*** Task material Section Begins ***

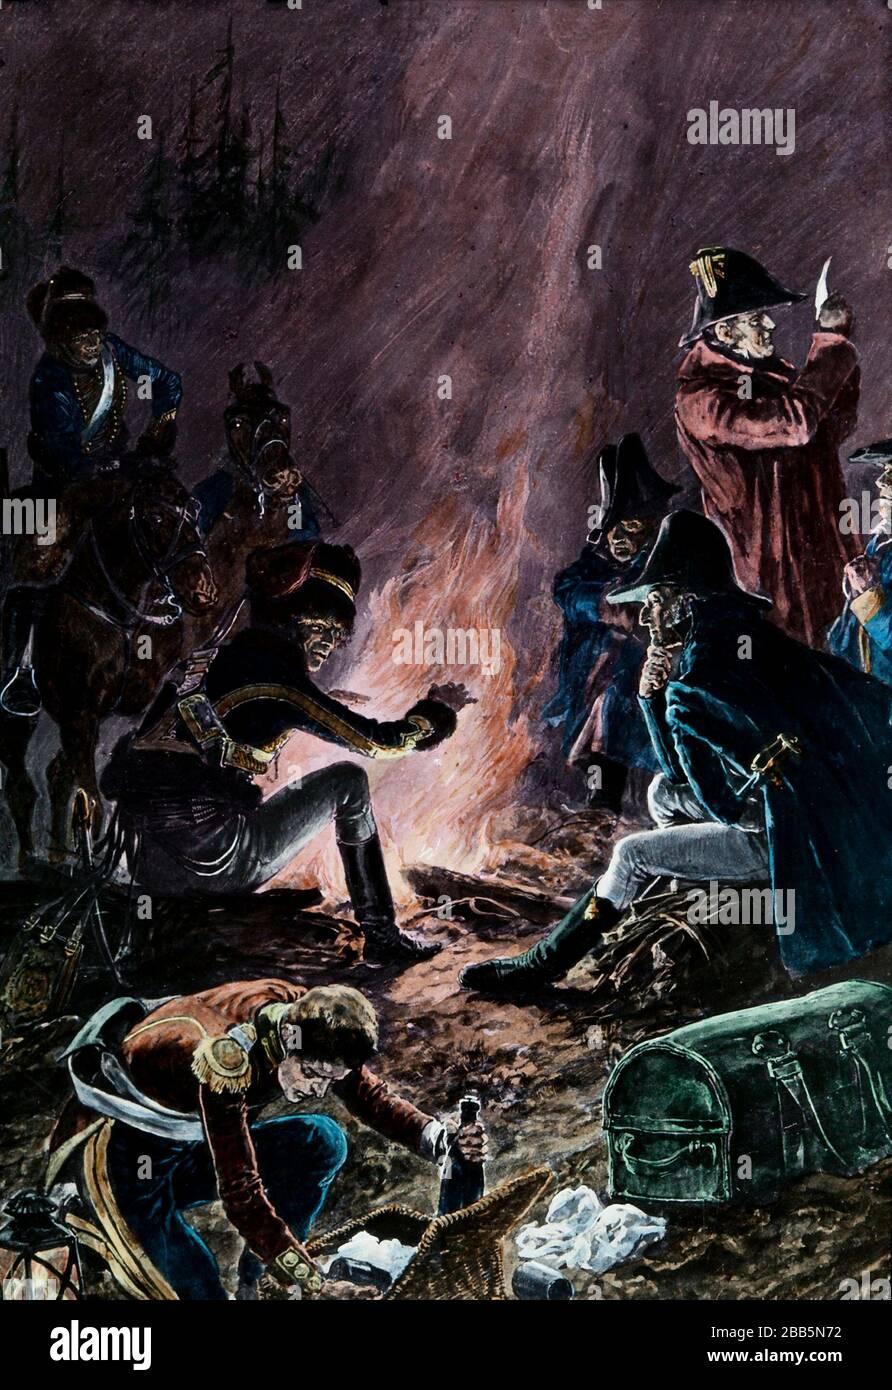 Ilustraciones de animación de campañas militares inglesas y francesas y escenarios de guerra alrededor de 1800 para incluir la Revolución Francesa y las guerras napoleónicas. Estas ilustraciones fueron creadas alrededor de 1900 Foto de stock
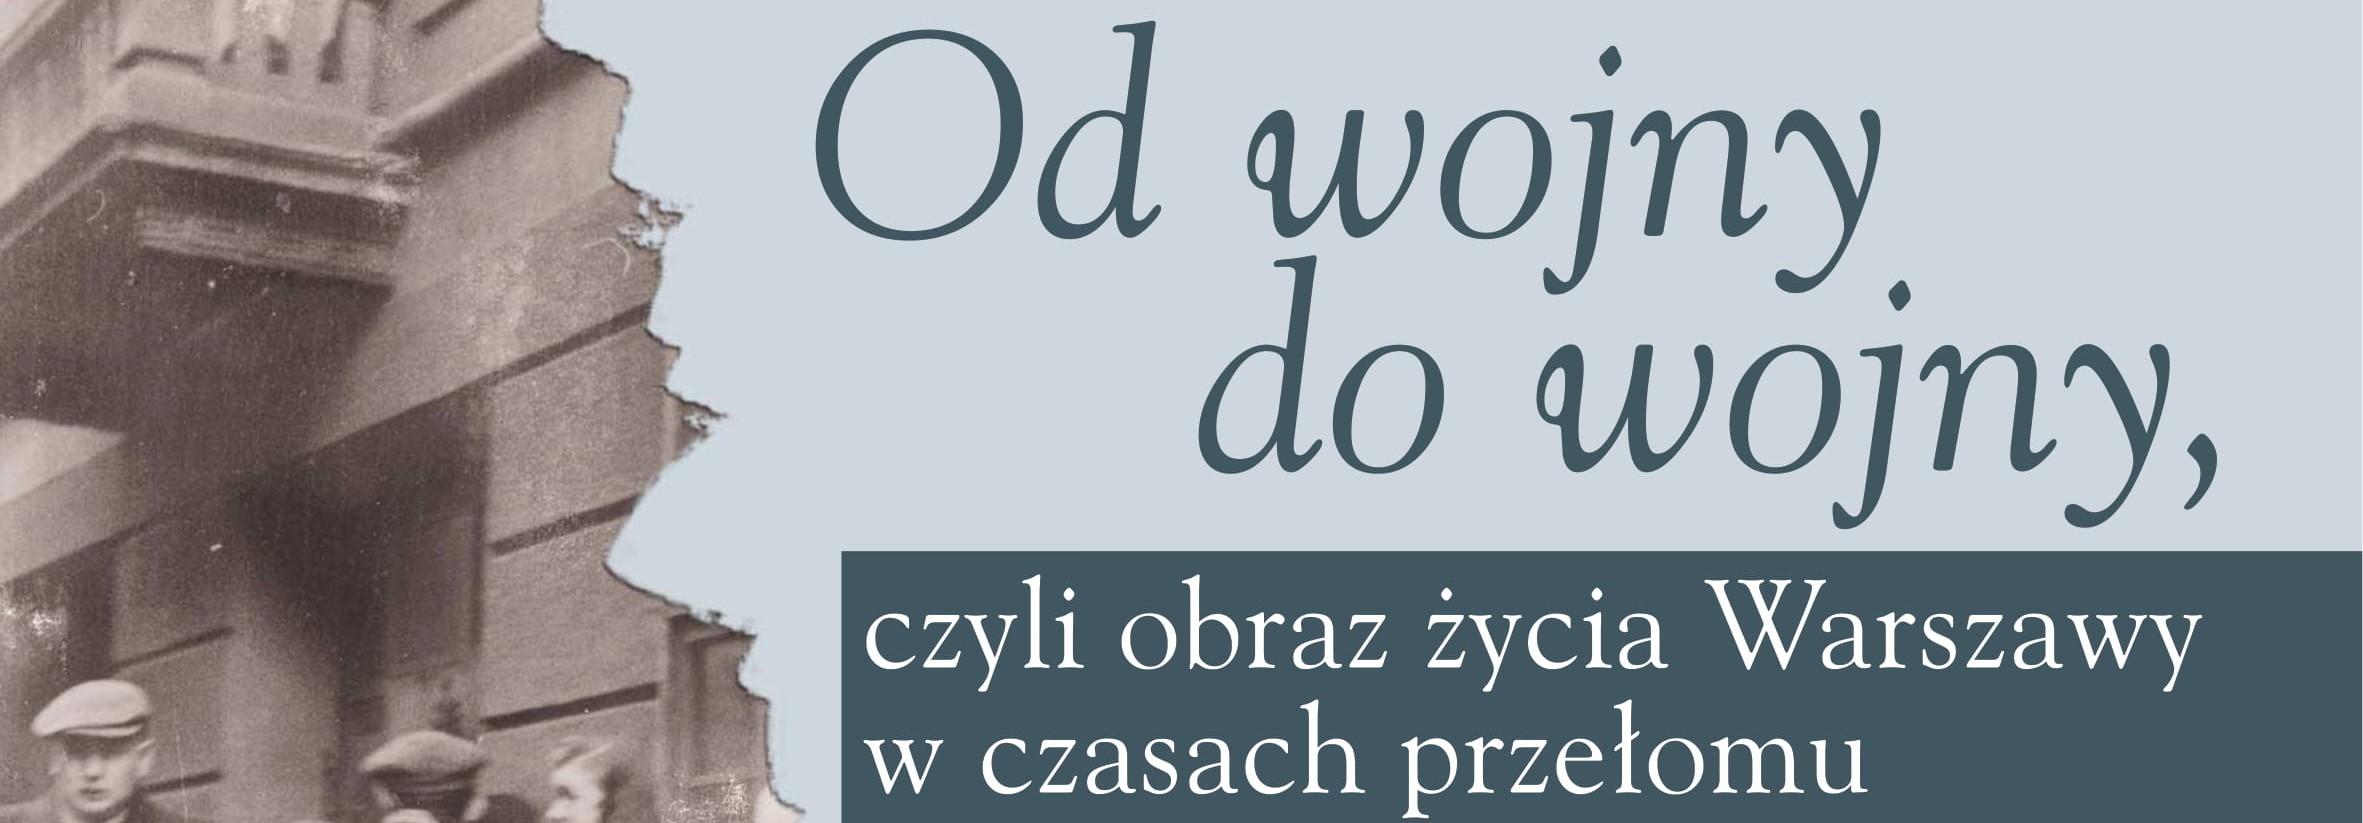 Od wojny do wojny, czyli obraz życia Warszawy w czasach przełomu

*** Task material Section Ends ***
*** Task material Section Begins ***

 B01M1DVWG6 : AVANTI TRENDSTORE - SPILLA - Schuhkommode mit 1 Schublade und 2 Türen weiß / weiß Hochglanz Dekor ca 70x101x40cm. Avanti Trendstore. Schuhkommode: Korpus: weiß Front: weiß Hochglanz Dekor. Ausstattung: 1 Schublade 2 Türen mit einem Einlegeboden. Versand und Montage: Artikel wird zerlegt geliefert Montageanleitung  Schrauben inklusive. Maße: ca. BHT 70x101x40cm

*** Task material Section Ends ***

→ **Instructions to follow**
Among the records above, locate the line containing "Ilustraciones de animación" and the line containing "Od wojny do", then transcribe exactly the lines starting at the first and ending at the second, with no pictures.

→ **Solution**
 Ilustraciones de animación de campañas militares inglesas y francesas y escenarios de guerra alrededor de 1800 para incluir la Revolución Francesa y las guerras napoleónicas. Estas ilustraciones fueron creadas alrededor de 1900 Foto de stock
 Od wojny do wojny, czyli obraz życia Warszawy w czasach przełomu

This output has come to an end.